Give back exactly the stretch of data below from the line holding "Old forgotten decaying baths in Italy" through the line holding "Checkerboard Mesa, crossbedded", both ends included, and leave the remaining lines out.

> _Study material_
§ §
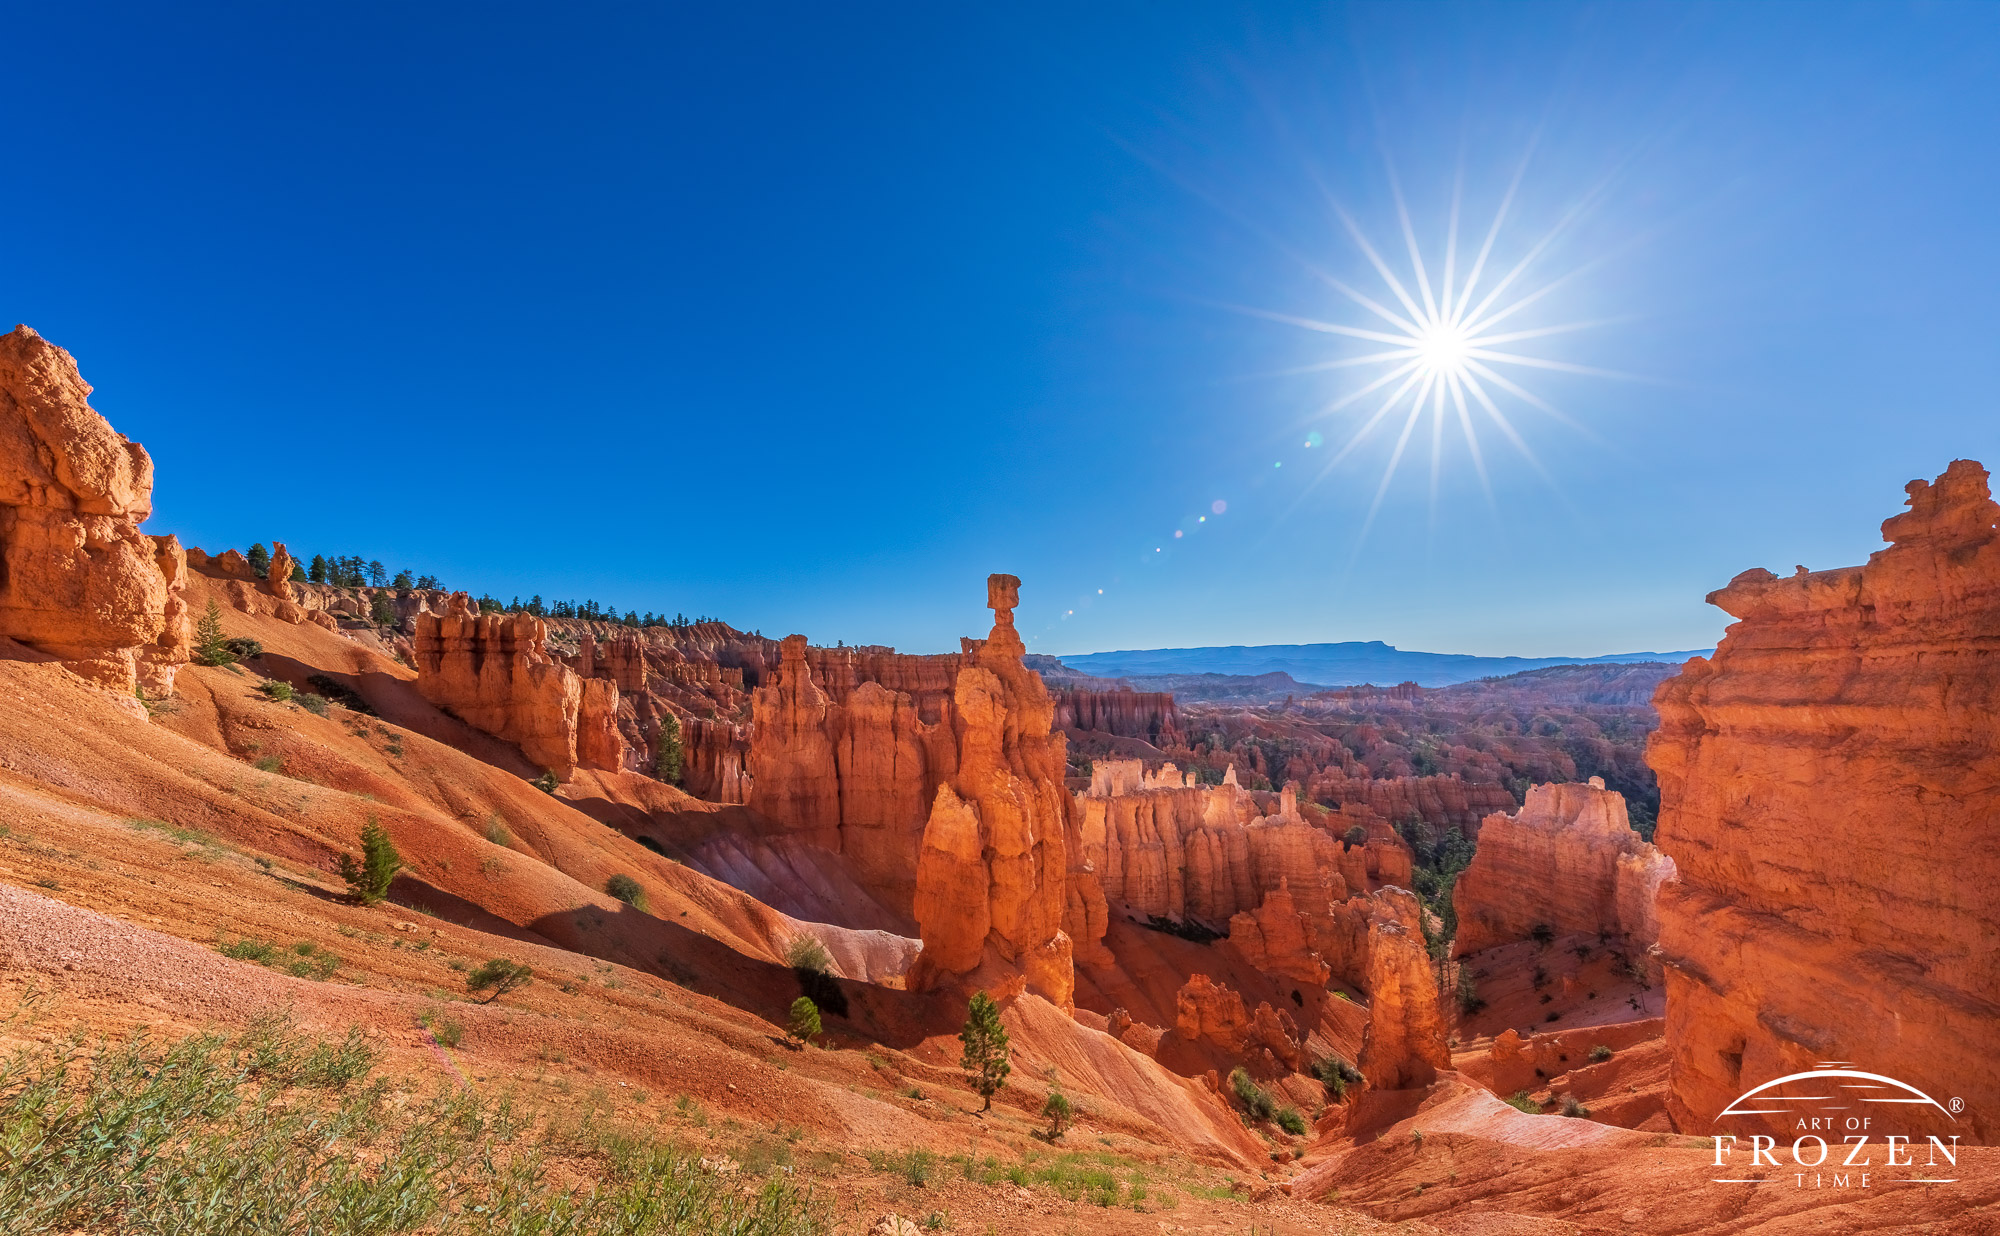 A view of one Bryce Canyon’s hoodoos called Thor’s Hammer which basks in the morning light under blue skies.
§ §
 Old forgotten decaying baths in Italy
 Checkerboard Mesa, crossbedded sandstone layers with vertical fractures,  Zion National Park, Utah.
§ §
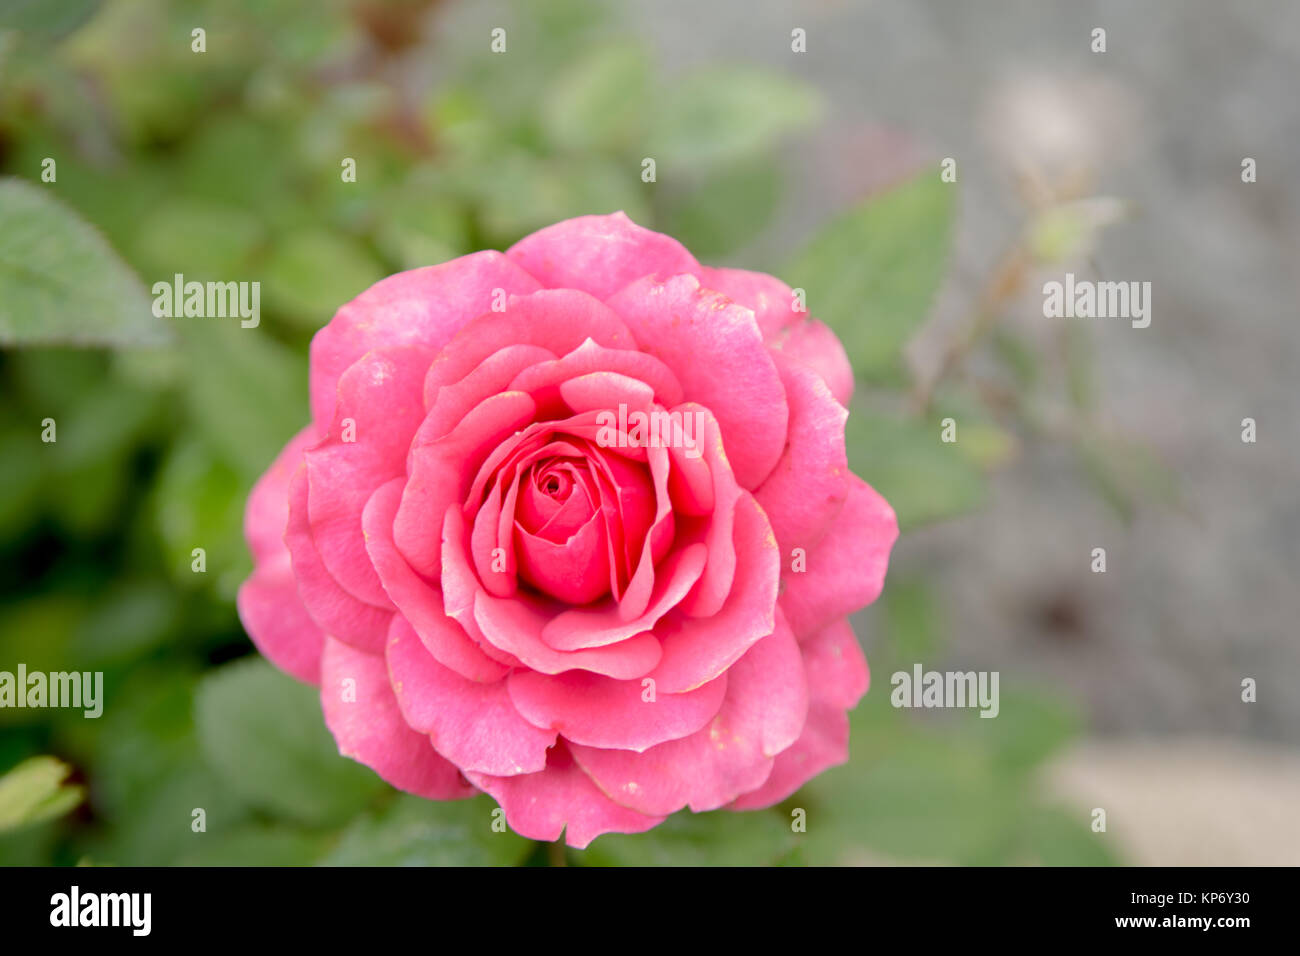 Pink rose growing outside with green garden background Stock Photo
§ §
> _Reply to the exercise_
 Old forgotten decaying baths in Italy
 Checkerboard Mesa, crossbedded sandstone layers with vertical fractures,  Zion National Park, Utah.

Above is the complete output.